Tuesday, October 29, 2013

Running @ 18 weeks pregnant


Google pregnant runners and you will inevitably come across blogs upon blogs of amazing women that run up until the moment they give birth. Women who runs marathons right before and right after giving birth. Women who eat no refined sugar while pregnant and gain 20 lbs and lose that 20 lbs within 2 weeks. My personal favorites are the elite athletes that mourn the loss of their 6:30 pace.

I am not that woman.

running while pregnant- thumbs up!Sure, at 18 weeks, I'm still running. But there's nothing elite about what's going on here. I'm still running with a watch but its really just to track my mileage; keeping track of my pace would just be silly. 

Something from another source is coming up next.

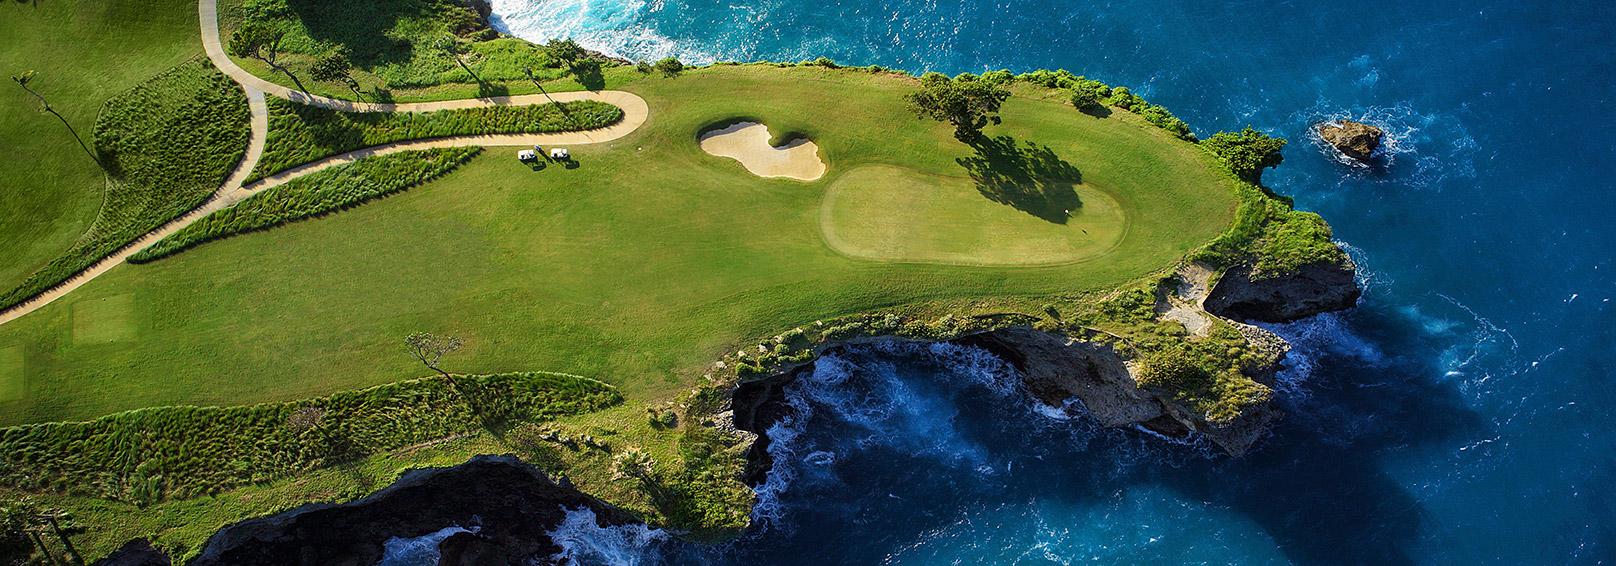 Playa-Grande-Golf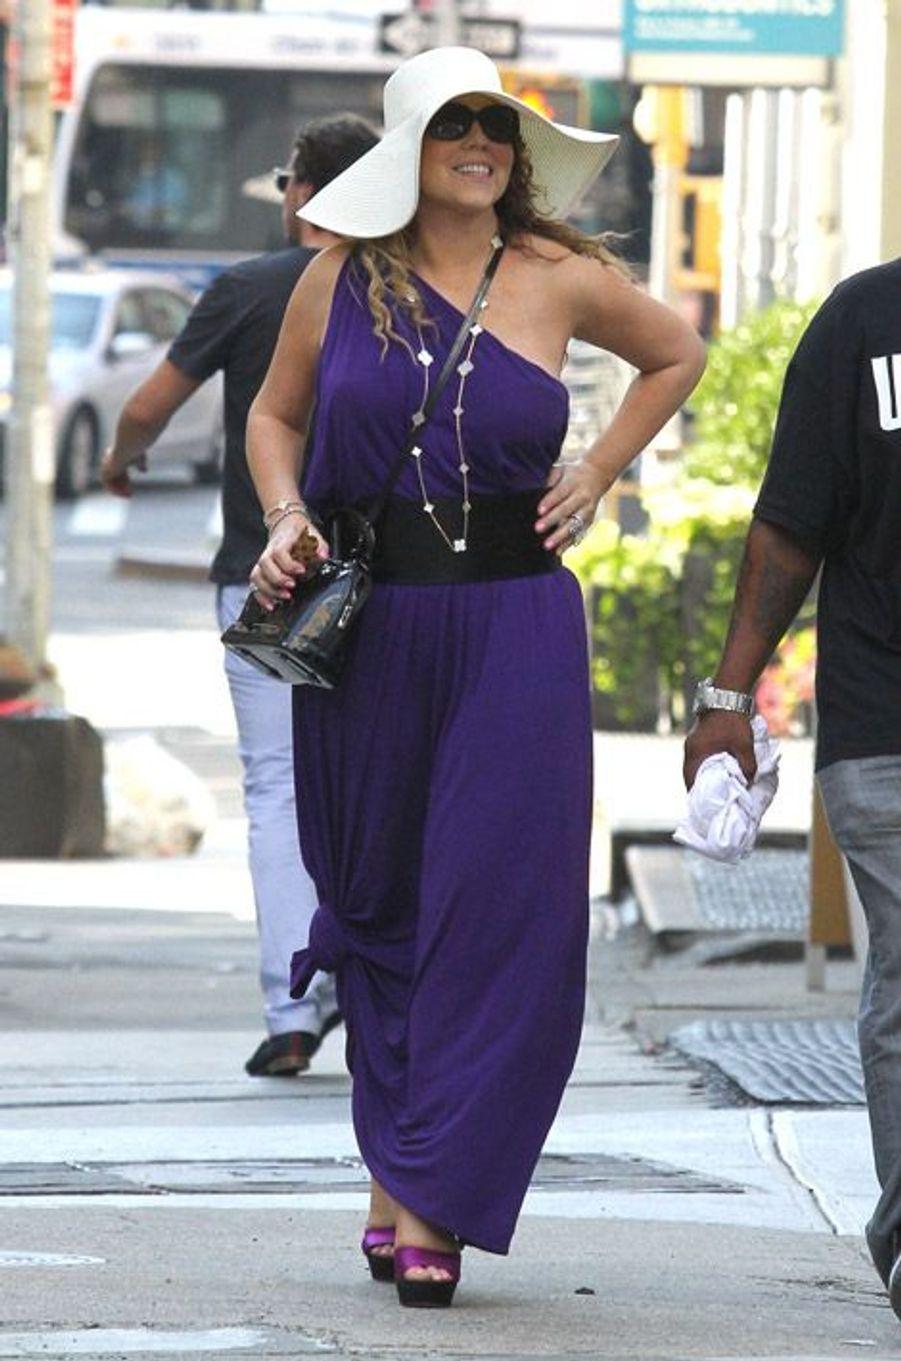 La chanteuse Mariah Carey dans les rues de New York, le 25 août 2014

I've been trying hard to watch what I eat, to make healthy food choices. Some days are better then others. Today was not a good day. With Halloween right around the corner my sugar consumption is getting out of control. I told my husband once we go through the kids' haul, he is taking everything to his office. Everything must leave the house. If anyone asks, I have no idea how those 5 Butterfingers got into the fridge.

Sugar addiction and physical changes aside, I'm feeling good. I'm still putting in a good number of weekly miles and enjoying long weekend runs with my running partner. The baby has so far been cooperative and caused minimal bladder distress, which if you have ever been pregnant, you know is the worst thing about running while expecting.

The goal is to keep running. To keep running for as long as I can. I have no racing plans, no PR's to achieve. I just want to keep running. It's nice to know that as I change, as my family changes, I still have running. It may not look the same or feel the same but at the very heart of it, it is the same.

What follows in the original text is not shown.